Brain activation detection by modified neighborhood one-class SVM on fMRI data

Abstract

Abstract The one-class support vector machine (OC-SVM) is a data-driven machine learning method that has been applied as a novel technique for brain activation detection. Several researchers have obtained positive preliminary results using OC-SVMs. Nevertheless, existing algorithms are either too complicated or oversimplified and their performance needs to be further improved. In this study, a modified neighborhood one-class support vector machine (MNOC-SVM) algorithm is proposed to detect brain functional activation on functional magnetic resonance imaging (fMRI) data. This method is based on two basic assumptions: (a) For task-related fMRI data, time series of only a few voxels are related to a particular functional activity or functional area, and these voxels should be identified as activated voxels, i.e., the outliers.
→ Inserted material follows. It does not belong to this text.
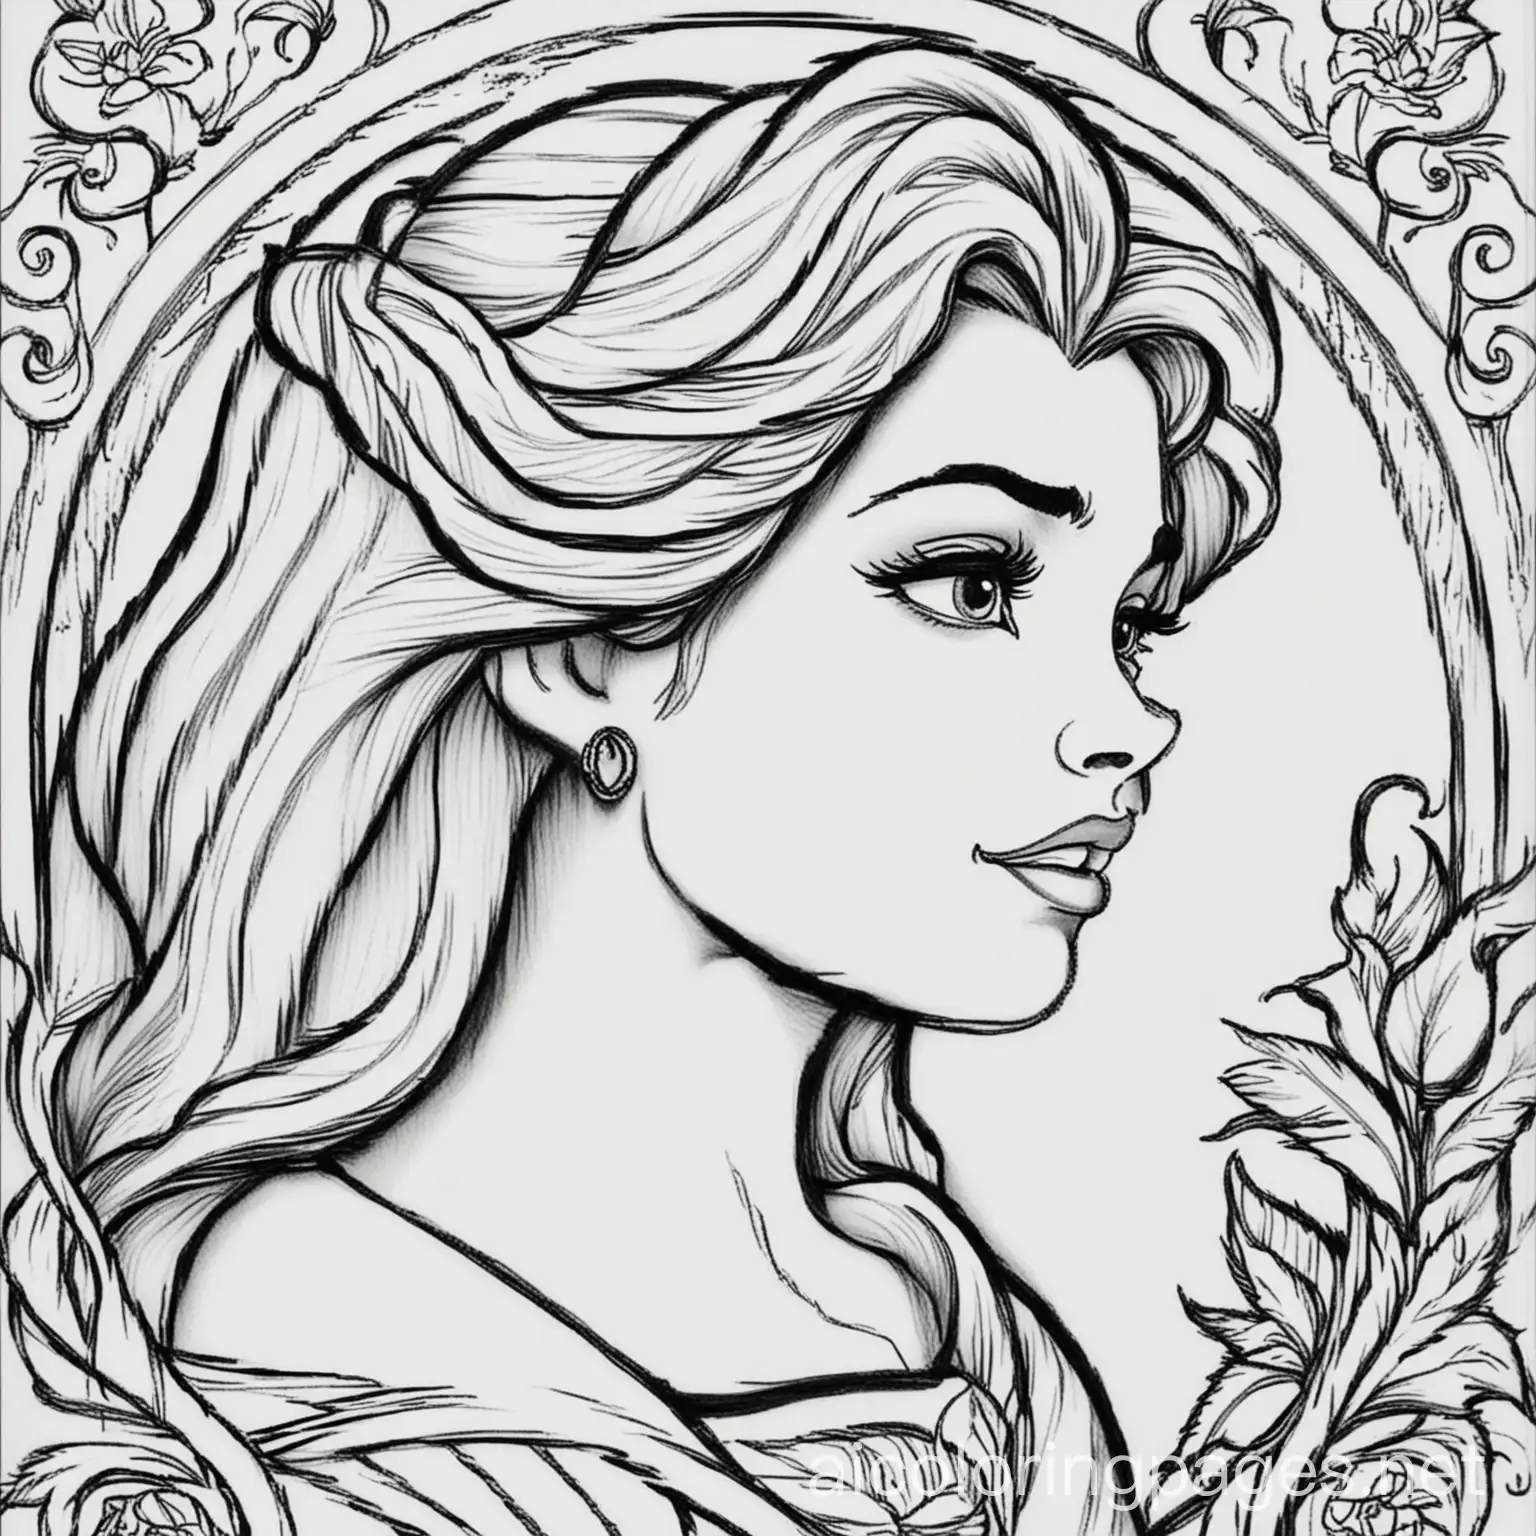 Beauty and the beast, Coloring Page, black and white, line art, white background, Simplicity, Ample White Space. The background of the coloring page is plain white to make it easy for young children to color within the lines. The outlines of all the subjects are easy to distinguish, making it simple for kids to color without too much difficulty

In contrast, for resting-state fMRI data, only a small number of voxels are unrelated to any resting-state functional networks. These voxels should instead be taken as non-activated voxels, i.e., the outliers. (b) Close voxels have similarly activated or non-activated states. To improve detection accuracy, we apply the following features to each voxel: the RV coefficient between each voxel and its 26 neighborhood voxels (or fewer than 26 for voxels on the edge of the brain), a flag for isolated voxels and a flag for isolated areas. For both task-related and resting-state fMRI data, our MNOC-SVM method effectively detects activated functional areas in the whole brain.